Detron Smith

No. 42, 39, 33
- Position: Fullback

Personal information
- Born: February 25, 1974 (age 52) Dallas, Texas, U.S.
- Listed height: 5 ft 10 in (1.78 m)
- Listed weight: 229 lb (104 kg)

Career information
- High school: Lake Highlands (Dallas)
- College: Texas A&M
- NFL draft: 1996: 3rd round, 65th overall pick

Career history
- Denver Broncos (1996–2001); Jacksonville Jaguars (2002)*; Indianapolis Colts (2002–2003);
- * Offseason or practice squad member only

Awards and highlights
- 2× Super Bowl champion (XXXII, XXXIII); Pro Bowl (1999);

Career NFL statistics
- Rushing yards: 17
- Rushing average: 3.4
- Receptions: 13
- Receiving yards: 103
- Total touchdowns: 2
- Stats at Pro Football Reference

= Detron Smith =

American football player (born 1974)

Detron Nigel Smith (born February 25, 1974) is an American former professional football player who was a fullback in the National Football League (NFL), primarily with the Denver Broncos. He played college football for the Texas A&M Aggies and was selected by the Broncos in the third round of the 1996 NFL draft. He was selected to the Pro Bowl in 1999 as a special teamer.

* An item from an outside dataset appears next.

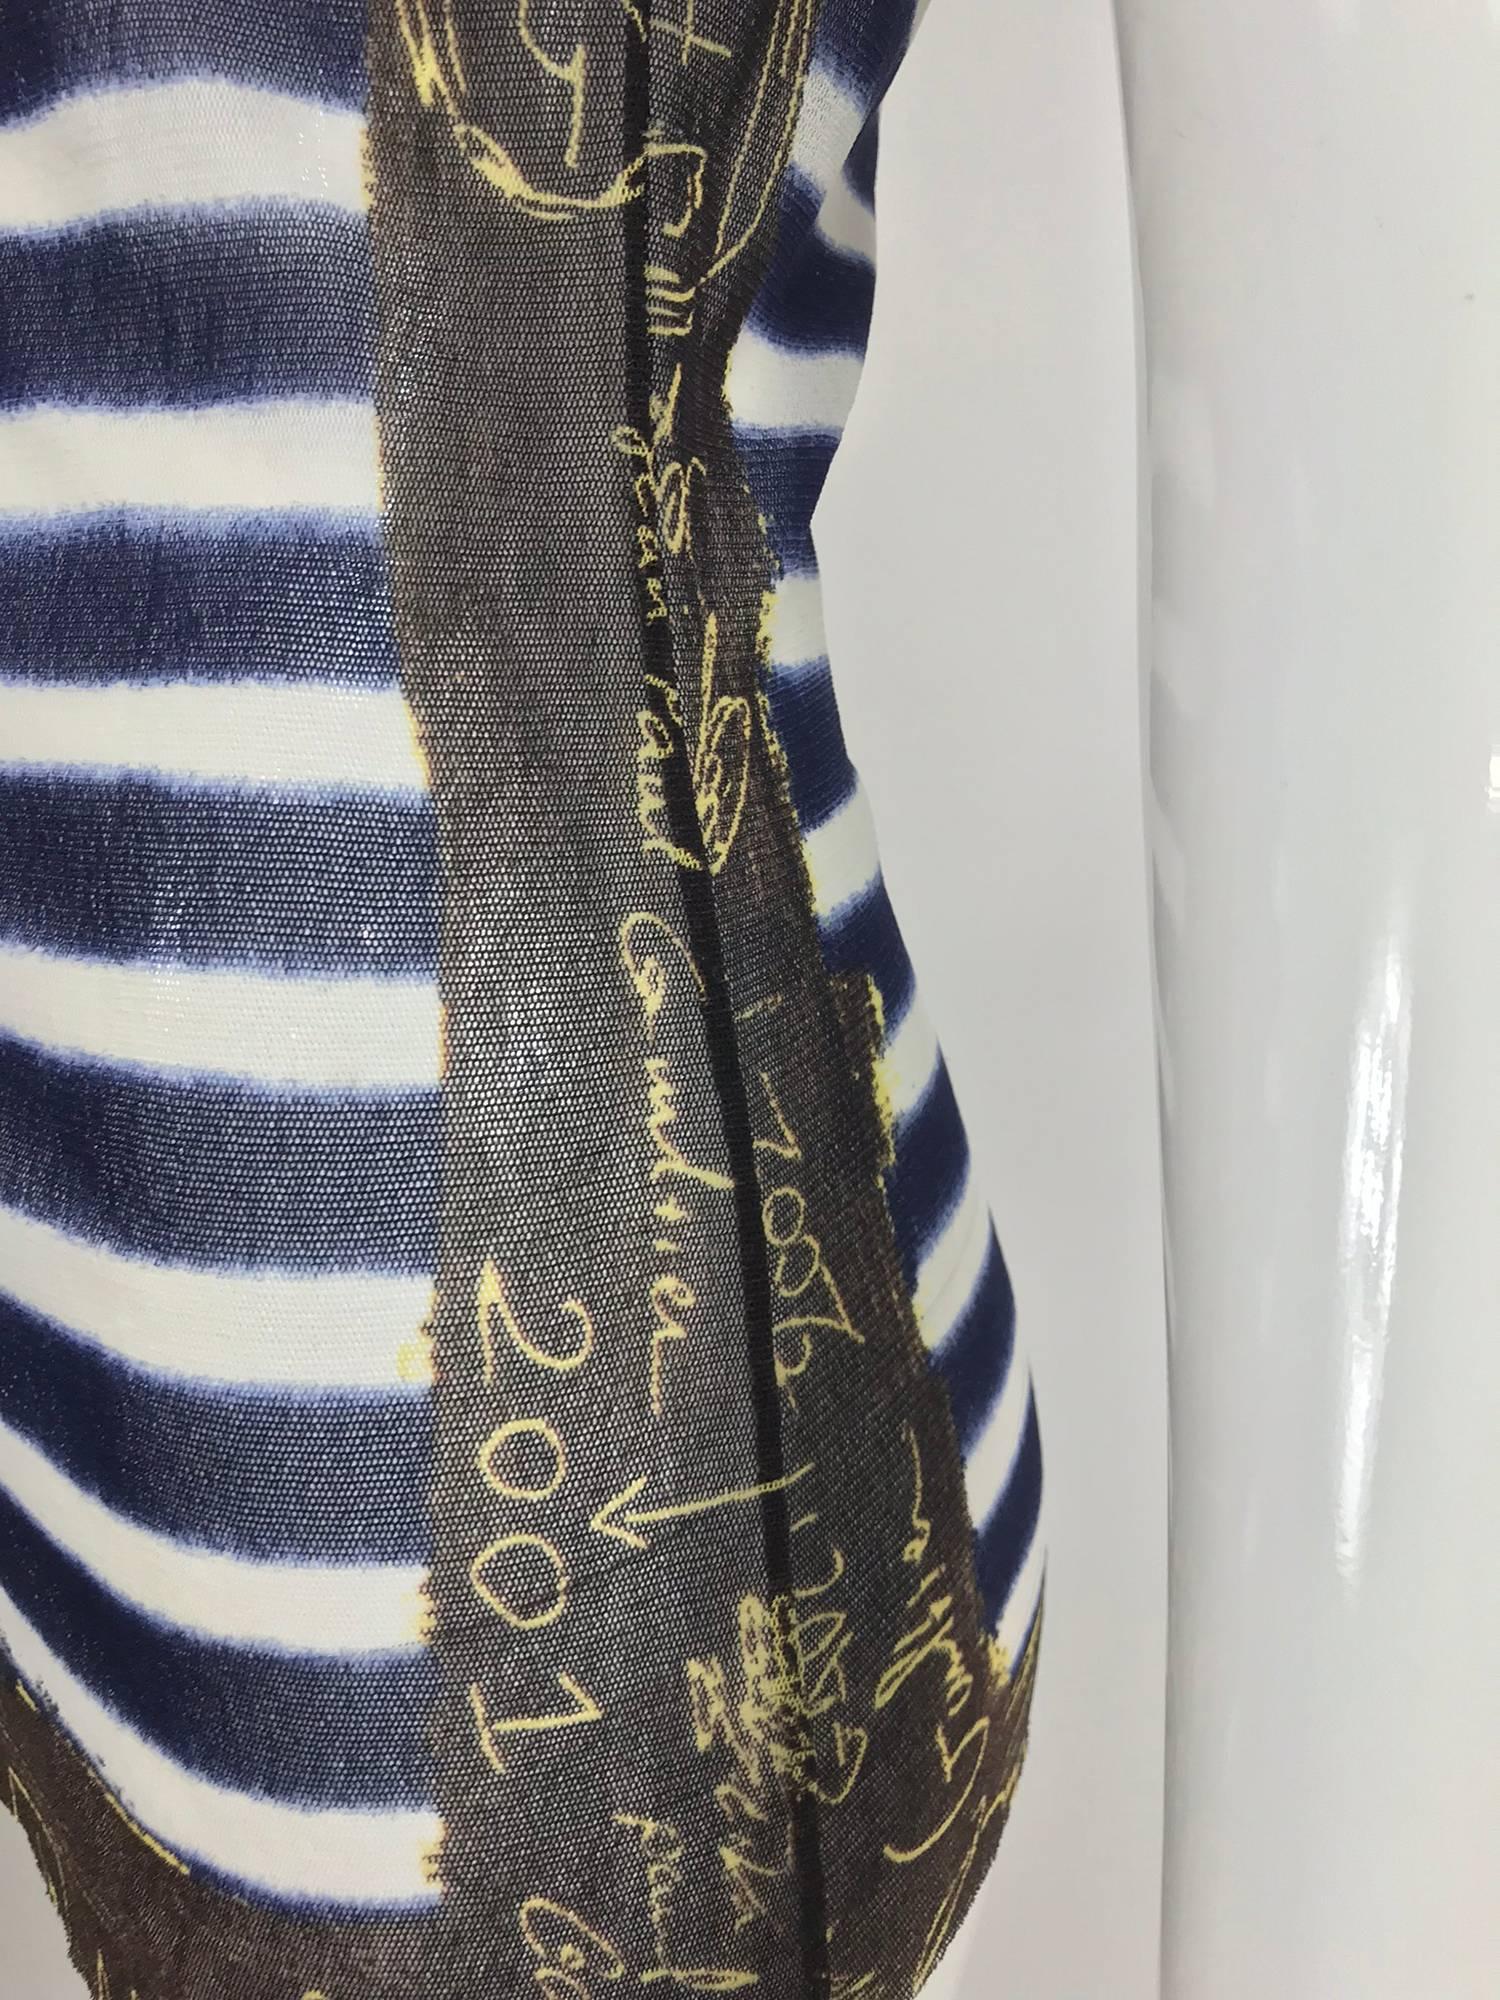 Jean Paul Gaultier signed nautical stripe mesh tank top dated 2001-02 8

==Early life and college==
Smith was a consensus Texas Top 100 selection at Lake Highlands High School in Dallas, Texas and was rated the second-best fullback prospect in the Southwest, receiving a perfect score of 10 points on Max Emfinger's Blue Chip List. During his career at Lake Highlands, he carried the ball 181 times for 1,351 yards (7.5 yards per carry) and scored 15 touchdowns.

Smith was primarily a blocking back during his career at Texas A&M, creating holes for future NFL running backs Rodney Thomas, Greg Hill, and Leeland McElroy. He rushed 57 times for 184 yards (3.2 yards per carry) and one touchdown, while catching 33 passes for 300 yards (9.1 yards per catch) with a long of 35 yards. Smith also returned five kickoffs for 54 yards. During his first two years at A&M (1992–93), Smith's running backs coach was his future Broncos offensive coordinator and current Denver Broncos head coach Gary Kubiak. Smith made a key block on a McElroy touchdown in the 1993 game against Texas that secured the Southwest Conference title for the Aggies.

==Professional career==
Smith was the first blocking fullback selected when he was drafted in the third round (65th overall) of the 1996 NFL draft by the Denver Broncos, and the second true fullback behind only Tampa Bay's Mike Alstott. In April 2002, after six seasons in Denver, Smith was signed by the Jacksonville Jaguars. However, he was released before making an appearance and played for the Indianapolis Colts in 2002 and 2003. He was released by the Colts in early 2004.

During his tenure in the NFL, Smith was known as an energetic player who is competitive in blocking and special teams alike. With both the Broncos and Indianapolis Colts, Smith became a fan favorite with his hits on special teams and willingness to do the little things. In total, he played in 113 games over 8 seasons, highlighted by his selection to the Pro Bowl 1999 and two Super Bowl rings won with the Broncos (Super Bowl XXXII in 1997 and Super Bowl XXXIII in 1998).